Singapore Asks Crypto Firms Not to Market Services to Public
Jan 17, 2022
Singapore's financial regulator has directed cryptocurrency businesses not to advertise their services to the general public, in keeping with the city-state’s goal of reducing retail speculation in volatile digital assets.
The Monetary Authority of Singapore (MAS) warned Monday that service providers should only publicize their activity on their own websites, mobile applications, or official social media profiles. The regulation will apply to a diverse range of firms, including banks, payment service providers, and cryptocurrency exchanges.
"MAS has observed that some DPT service providers have been actively marketing their services through online and offline advertisements, as well as the provision of physical automated teller machines in public areas," the regulator said, referring to what it refers to as digital payment tokens, its preferred term for cryptocurrencies. This might feed speculation among traders who are unaware of the hazards, according to the MAS.
Singapore is attempting to strike a balance between the advantages of financial innovation and the hazards associated with ordinary traders trading volatile coins which change their price too quickly. Several billboards advertising digital asset exchanges in the city-state were removed last year.
Chia Hock Lai, co-chairman of the Singapore Blockchain Association, agreed that Bitcoin is not an appropriate asset class for the majority of ordinary investors. However, he noted that there are additional safeguards in place to prevent inexperienced individuals from financial loss.
"One possibility is to designate cryptocurrencies as specified investment products,' similar to structured warrants or futures, which would require a retail investor to undergo an examination before investing in cryptocurrencies," he explained. "Some retail investors, particularly the younger generation, are quite knowledgeable about cryptocurrency."
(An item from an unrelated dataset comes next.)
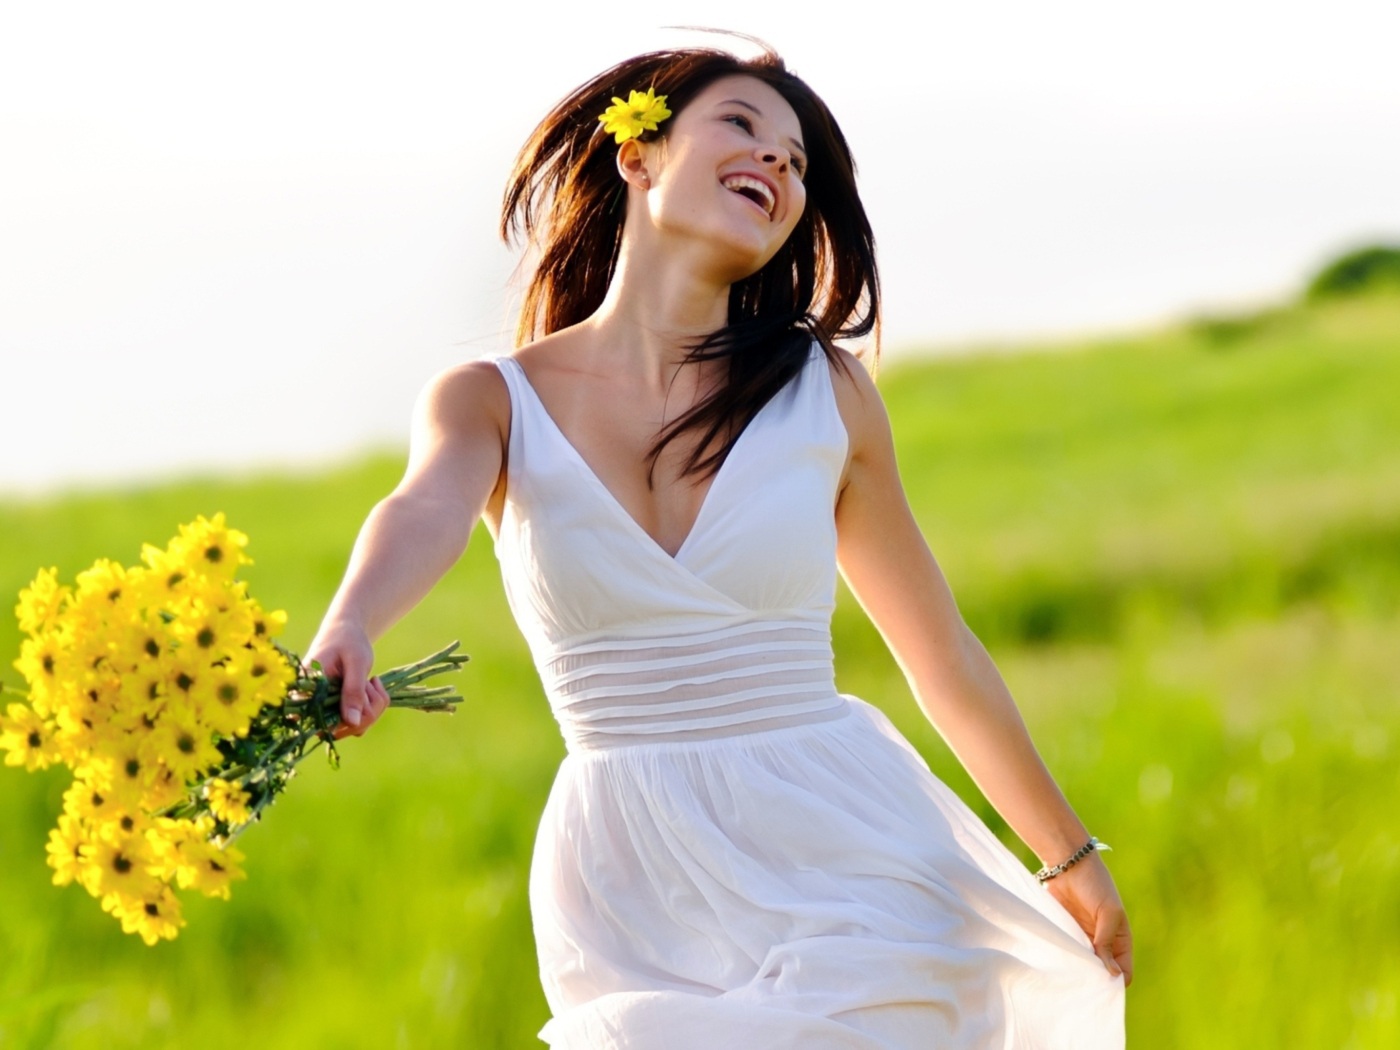 Happy Girl With Yellow Flowers wallpaper 1400x1050

Singapore's efforts to foster a fully regulated crypto business – following China's effective ban on the sector last year – have attracted young companies. There have been 180 applications for permission to establish a regulated cryptocurrency firm in the country.
Crypto.com, the digital-asset exchange that migrated to Singapore from Hong Kong last year, is among the organizations that have publicly promoted their services. In November, the business aired a billboard campaign along Singapore's Orchard Road retail district, proclaiming "Fortune favors the bold." This sign has now been removed. A spokesman for Crypto.com declined to comment.
"Fair and responsible advertising is a prudent strategy, and it is already required under the various asset classes governed by MAS," said Nizam Ismail, whose Ethikom Consultancy assists financial institutions with compliance. "With this in mind, it is needless to impose limits on the venue and location of advertising."